Exercise prompt:
In the entries below, find the line with "schöne rote rose" and the line with "Hơn 2000 người"; reproduce those two lines and all lines between them exactly, without pictures.

The data:

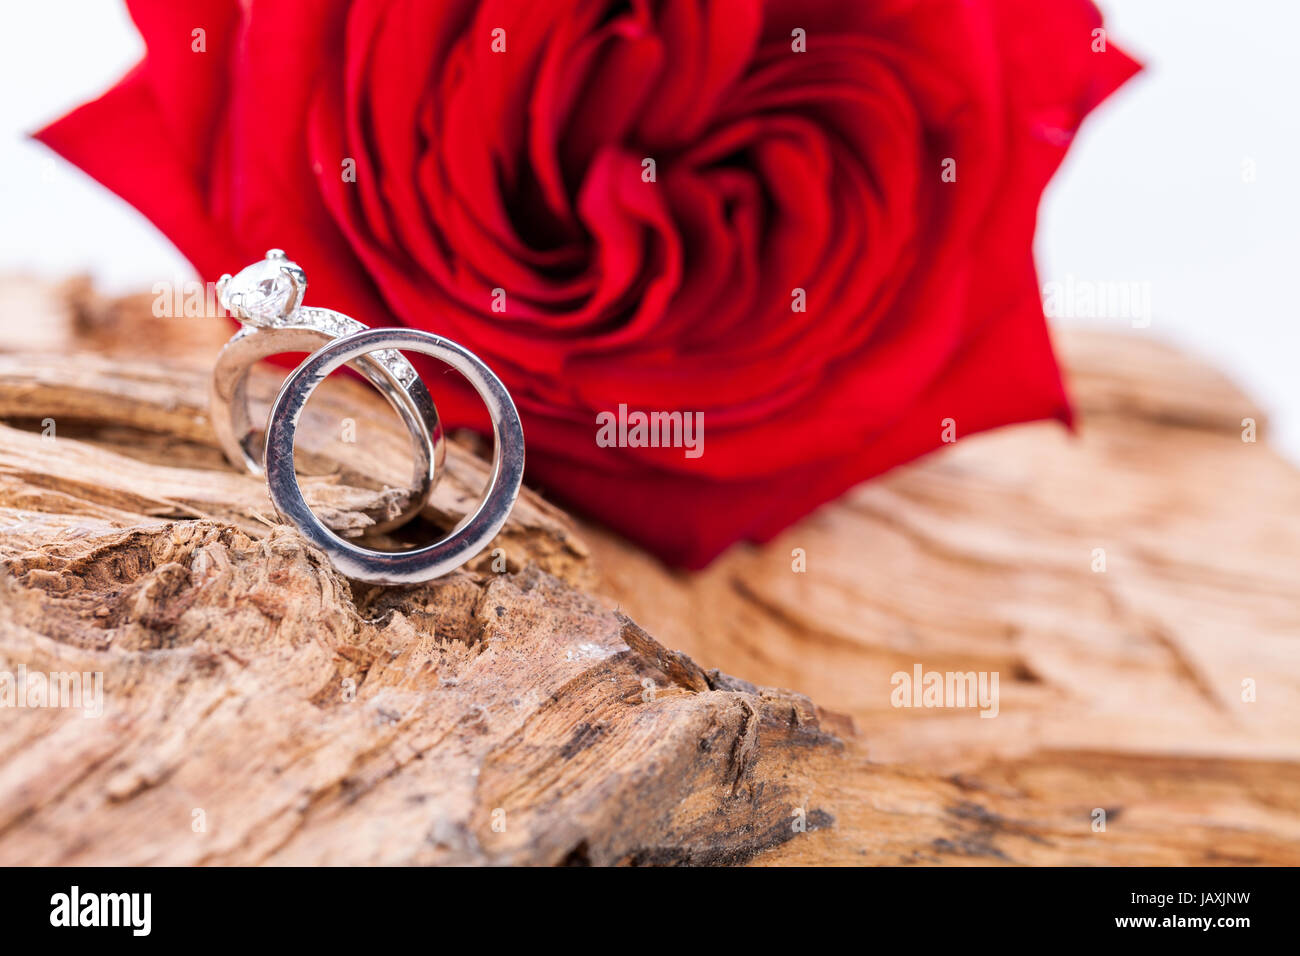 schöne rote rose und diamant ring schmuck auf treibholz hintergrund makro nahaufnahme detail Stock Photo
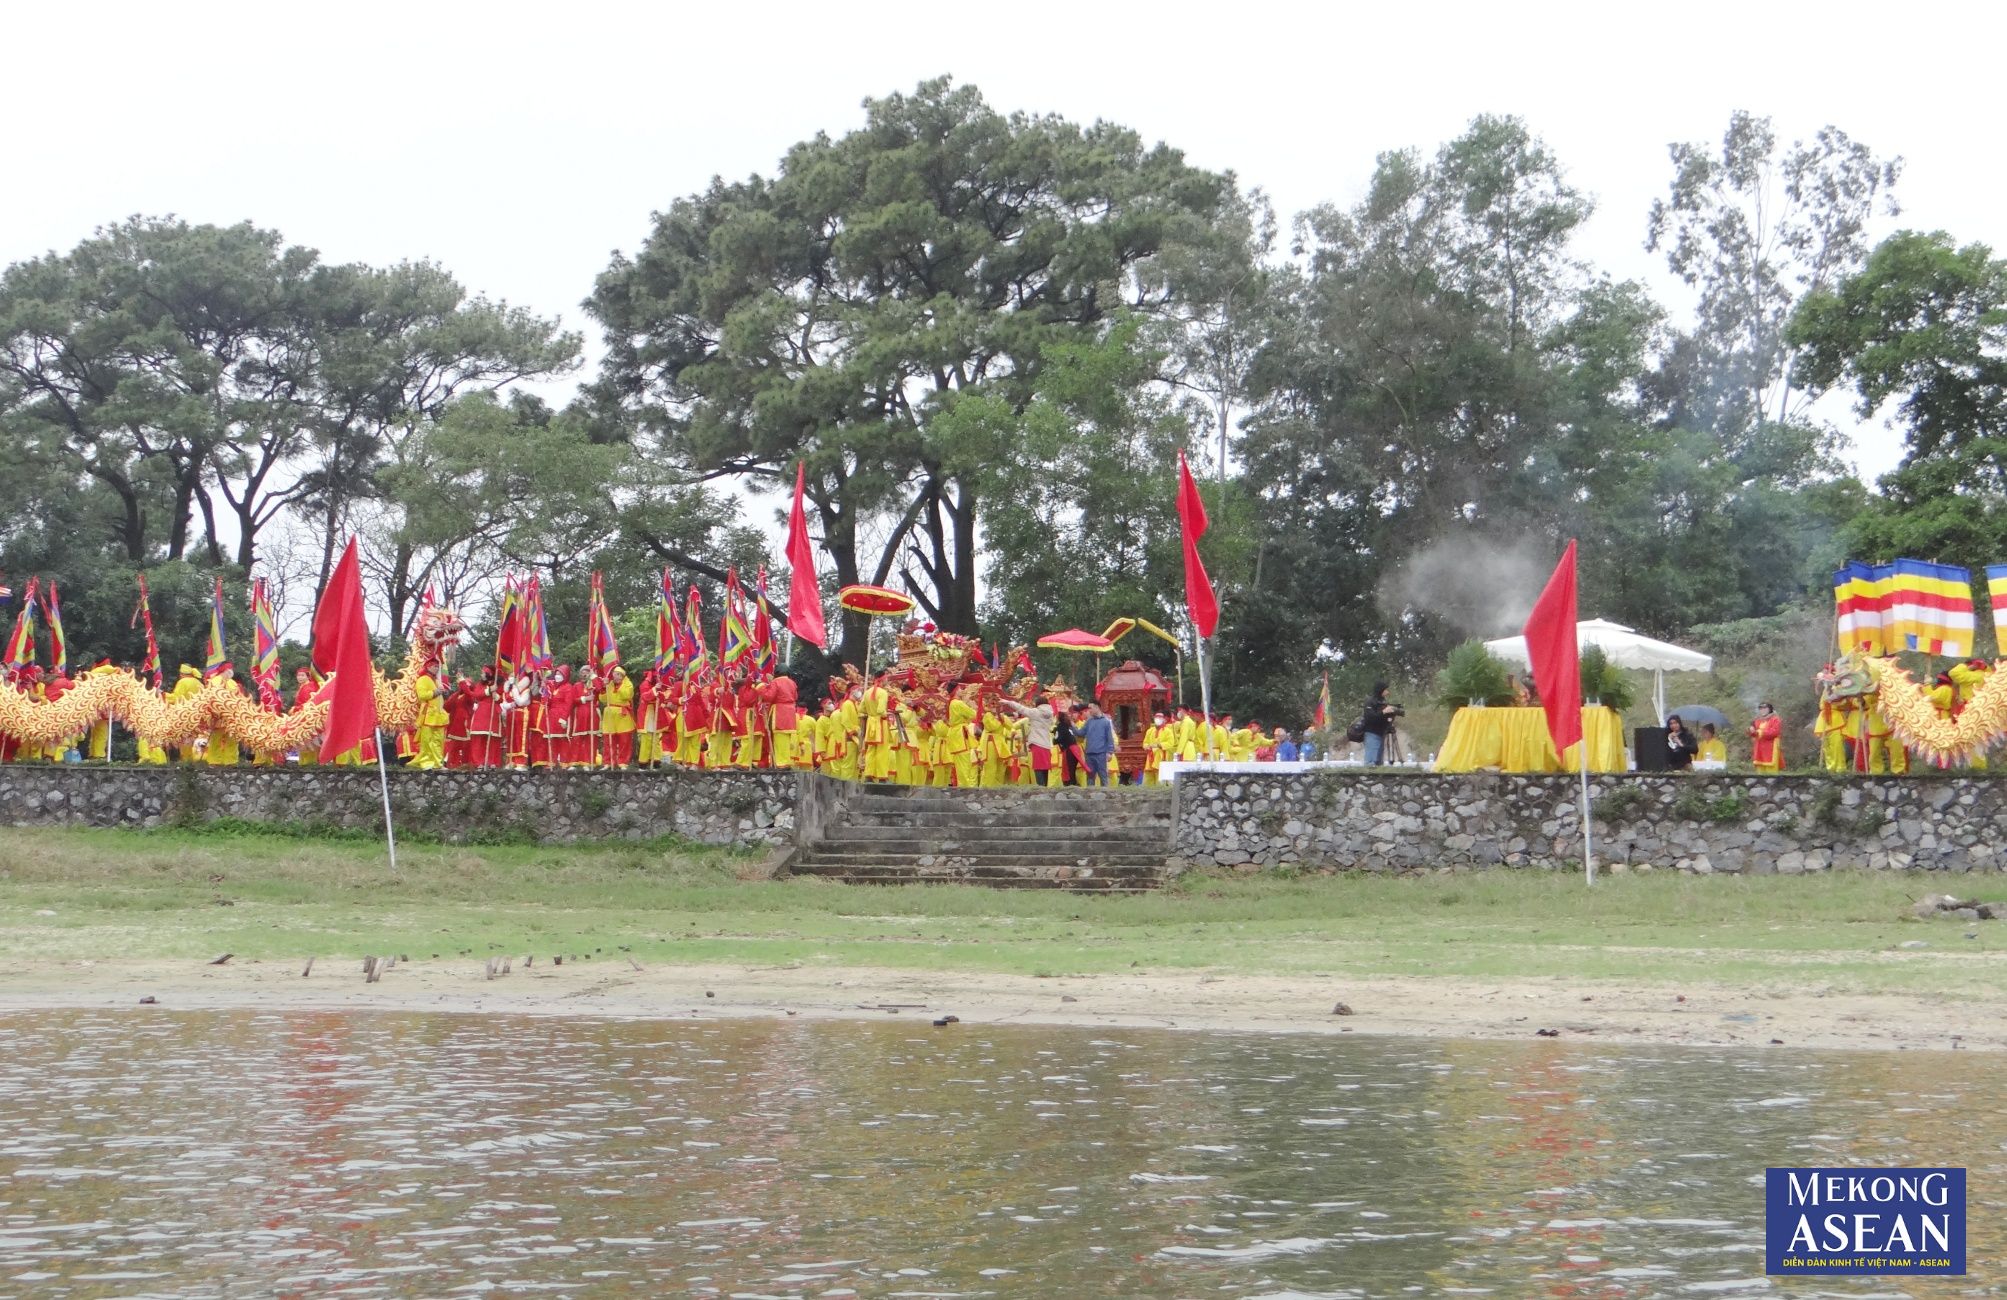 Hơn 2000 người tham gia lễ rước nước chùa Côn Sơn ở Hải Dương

* * *

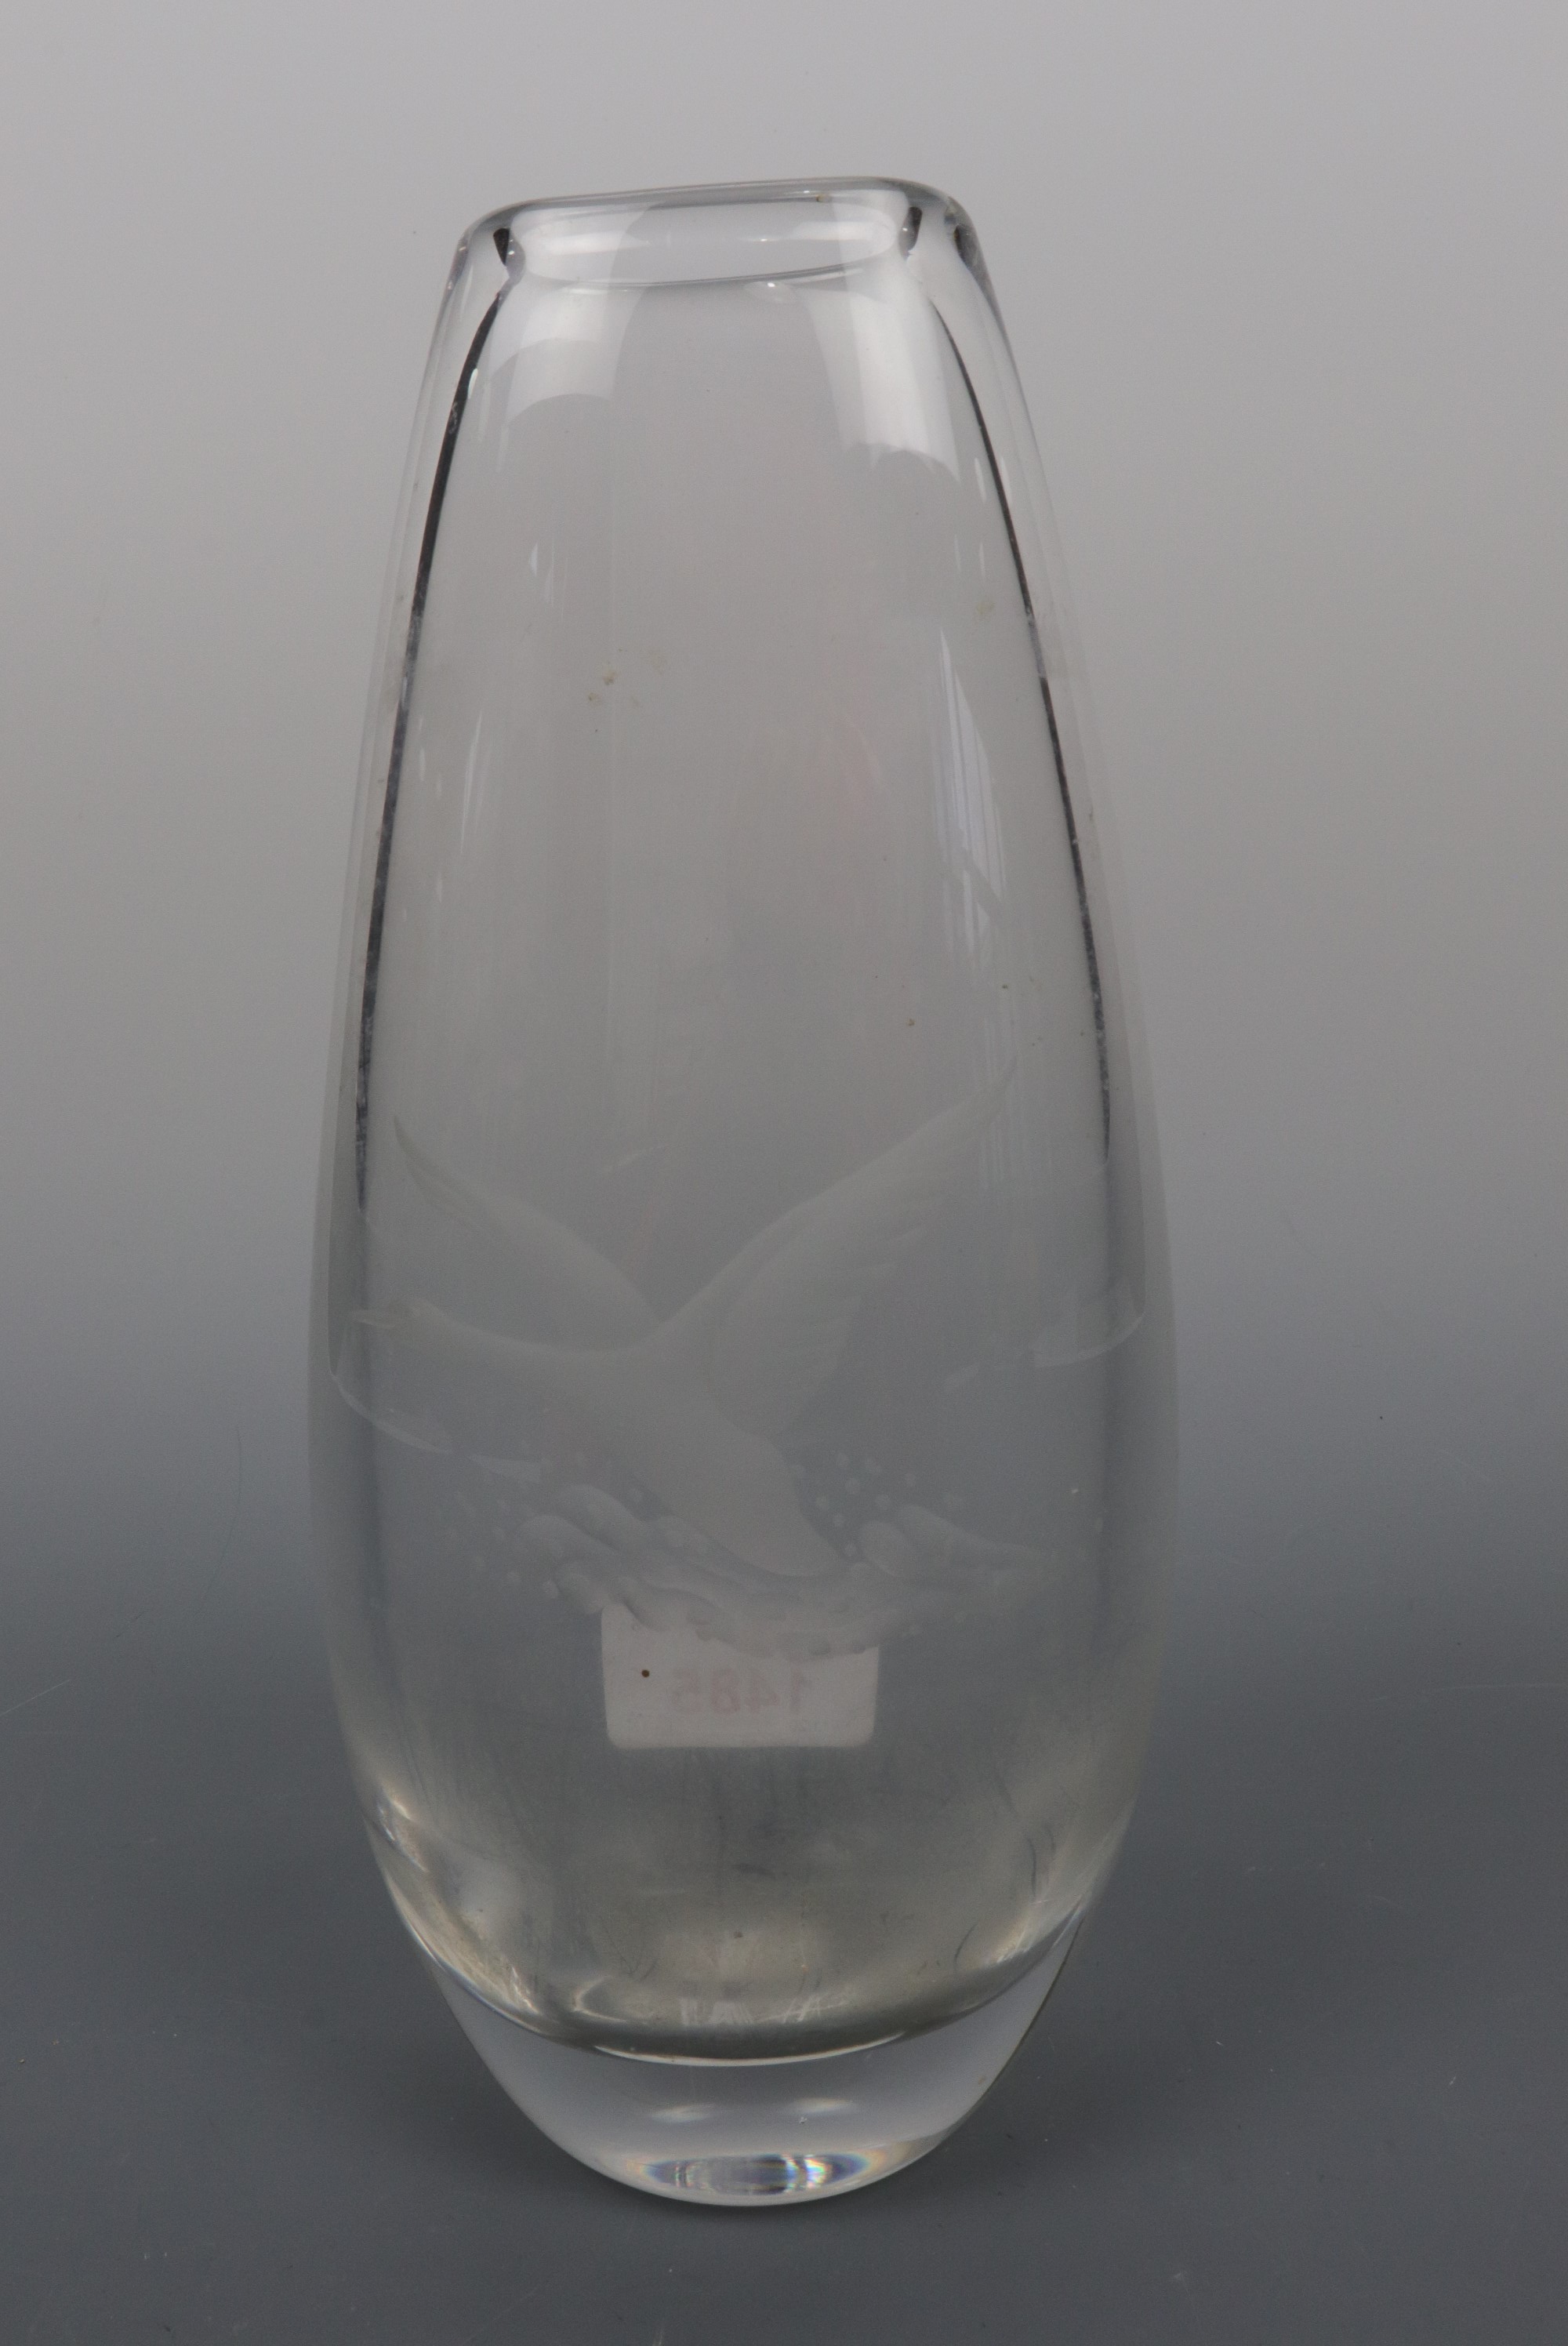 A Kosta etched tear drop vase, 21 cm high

Result:
 schöne rote rose und diamant ring schmuck auf treibholz hintergrund makro nahaufnahme detail Stock Photo
 Hơn 2000 người tham gia lễ rước nước chùa Côn Sơn ở Hải Dương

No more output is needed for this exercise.